What's up with the markets?
Flash back 30 years to October 1987, when Treasury Secretary James Baker spoke about devaluing the dollar over the weekend before the market crash.
"There's no question in my mind that Treasury Secretary [Steven] Mnuchin did the same thing" by talking down the value of the greenback in late January, said Richard Bove, a bank analyst with Vertical Group, in an interview with ThinkAdvisor on Monday, after the Dow Jones industrial average took a record 1,175-point dive.
The average made several positive and negative swings Tuesday and was down 55 points in afternoon trading.
The weaker dollar makes it less appealing for foreigners to buy U.S. debt, just as the need to sell more debt is on the rise due to fiscal policies such as higher spending and lower taxes.
"Don't get caught up in [looking at] the results rather than the cause," Bove said. "The question is who is going to buy our debt?"

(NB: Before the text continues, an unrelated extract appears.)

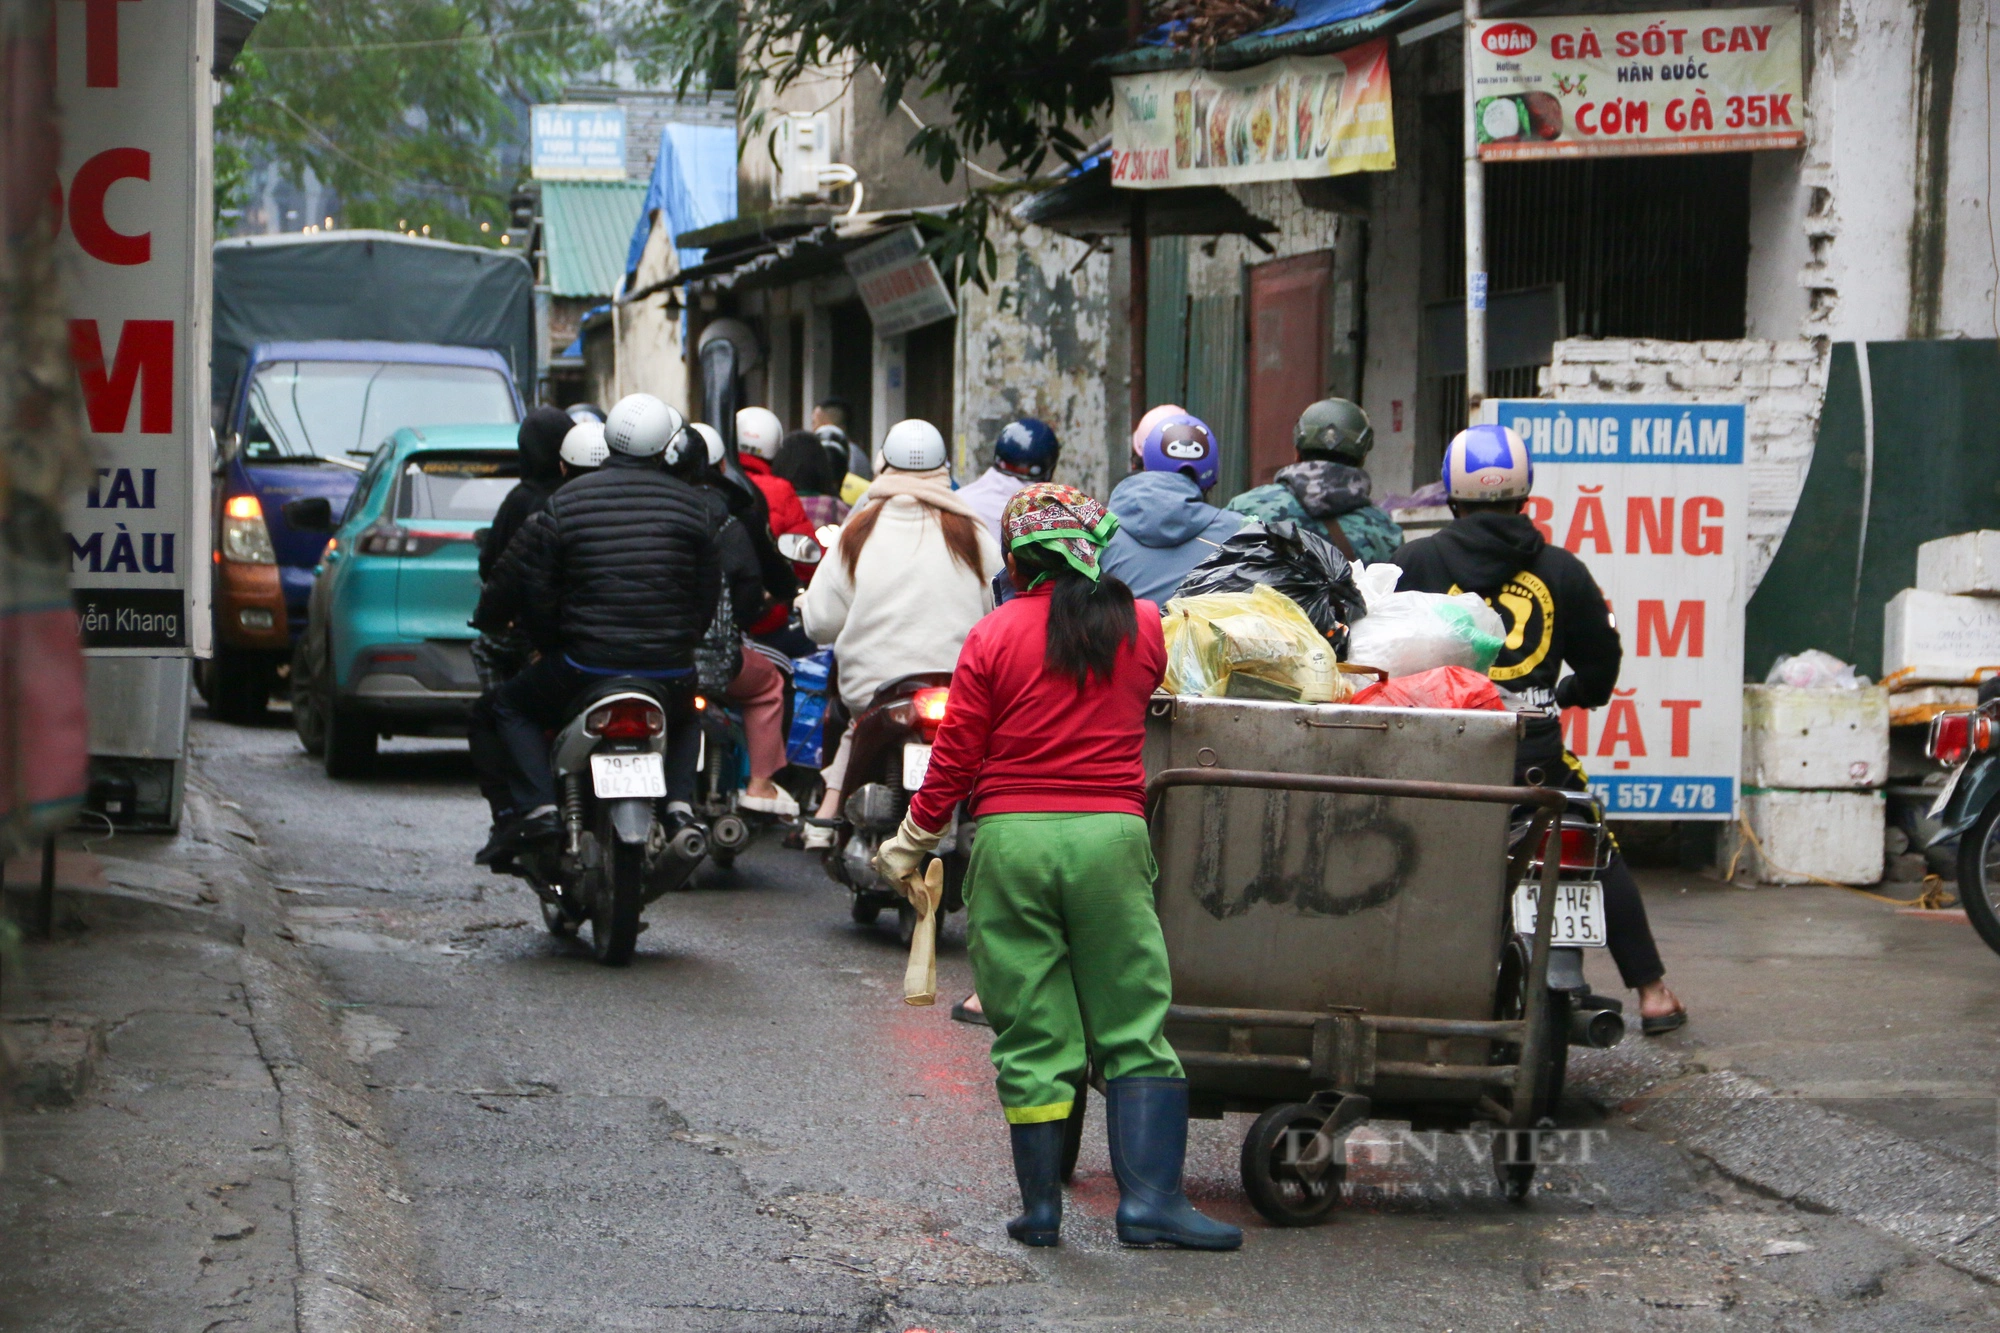 Mòn mỏi chờ dự án triển khai, người dân Hà Nội chật vật di chuyển trên con đường chi chít "ổ voi ổ gà"- Ảnh 6.
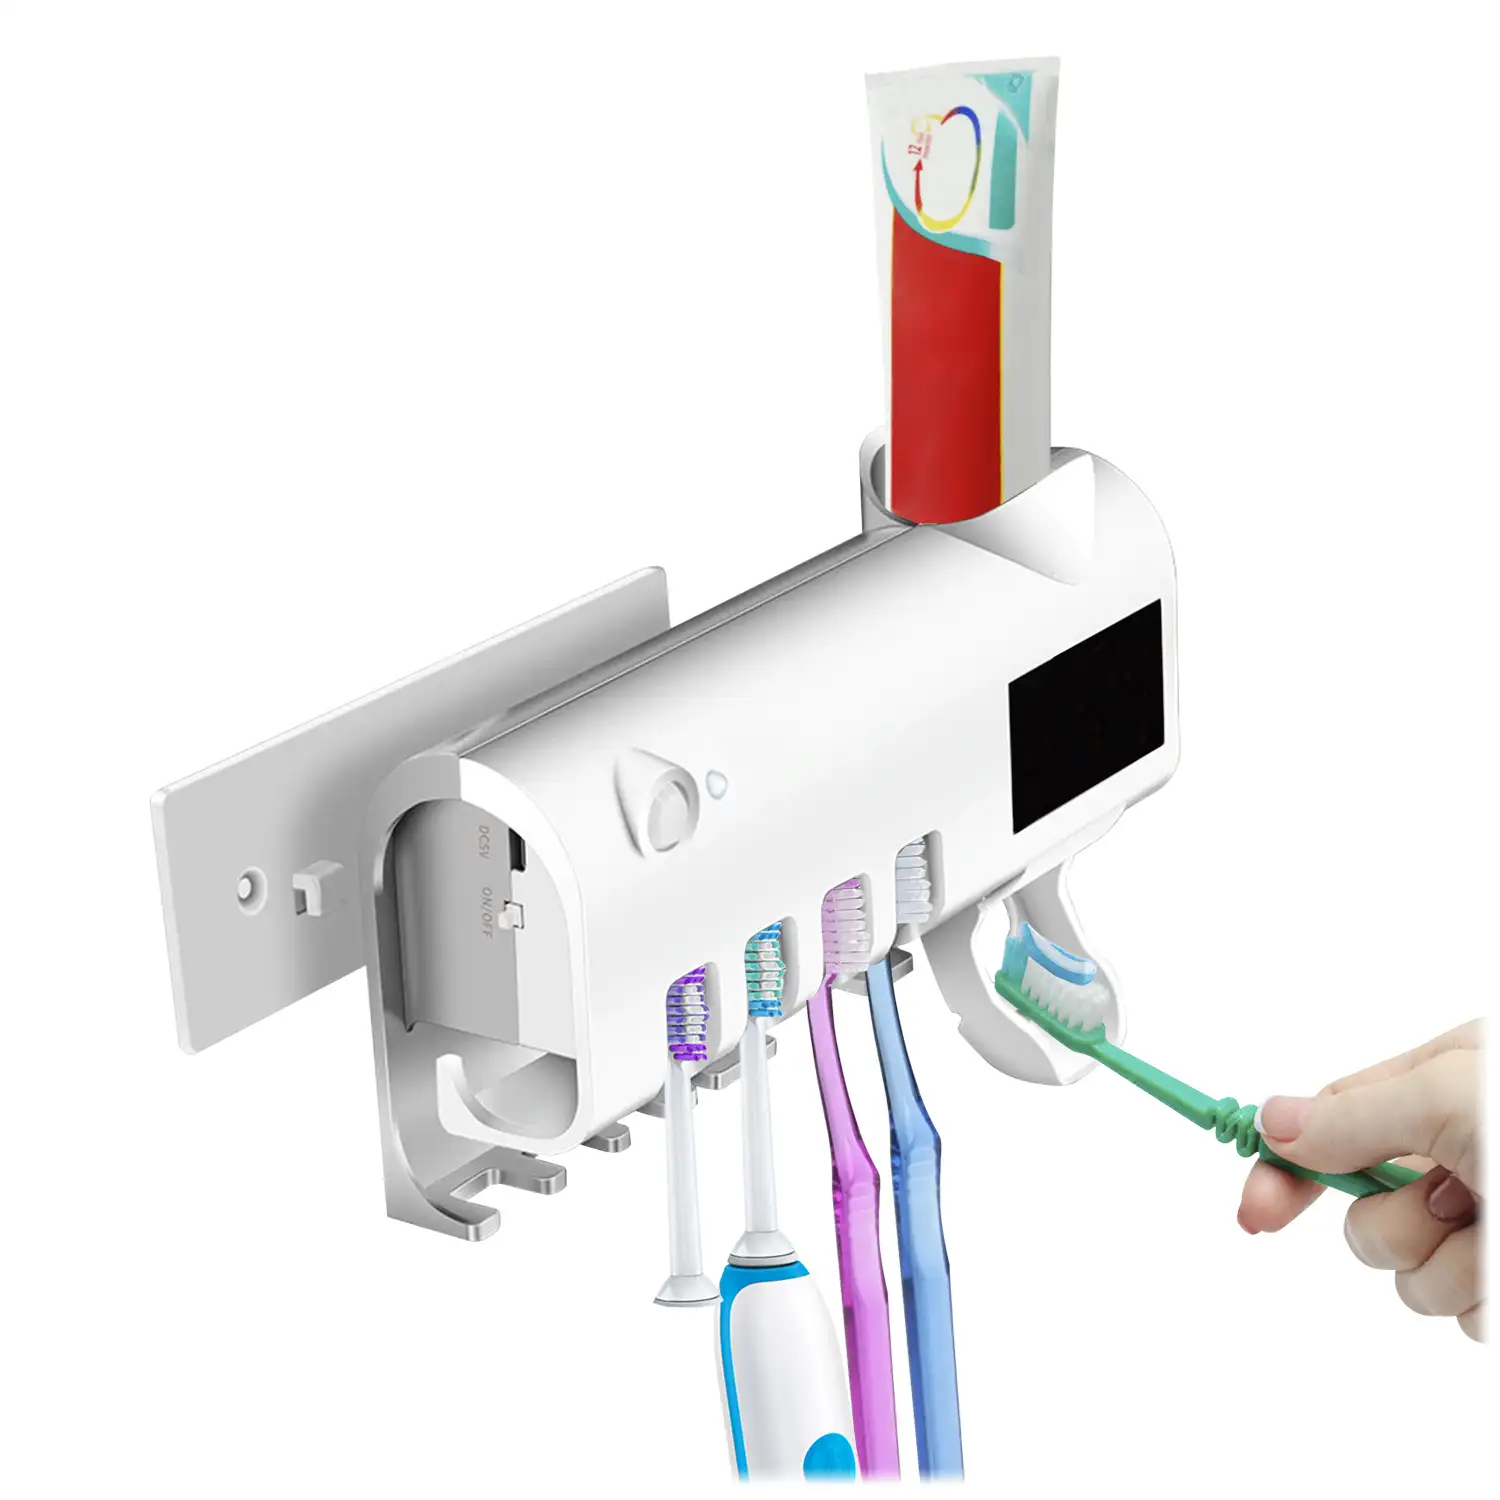 Esterilizador y soporte para 4 cepillos de dientes con dispensador de pasta dental. Panel solar.

It's a hard sell when foreigners are poised to lose money as the dollar declines and the value of their Treasury holdings drops, he adds.
(The U.S. dollar currency index was down about 2% this year as of Feb. 8; it fell 3.3% in January, after declining close to 10% in 2017.)
"Mnuchin doesn't get it," Bove said. "His main job is to find the money to pay for the debt … and the product to do that is based on the dollar. What are you doing talking down the dollar?"
Such talk puts the entire financial structure at risk, since a pullback in foreign purchases means that the U.S. government may need to raise taxes or curtail spending — all at a time when interest rates need to be moving "meaningfully higher," he said. "The market is coming to grips with that."
His outlook is shared by other veteran market-watchers, like Joseph G. Carson, the former global director of economic research at AllianceBernstein.
"Two radical policy experiments are colliding, as unconventional monetary policy accommodation that led to near zero official interest rates and record purchases of debt securities is reversed at the same time as a bold and risky fiscal spending plan is being enacted," Carson explained in a Bloomberg commentary.
"The net effect should be a major shift in liquidity flows with more money being directed and used in the economy, leaving less liquidity — in the form of higher interest rates and less new flows — for the financial markets," he added.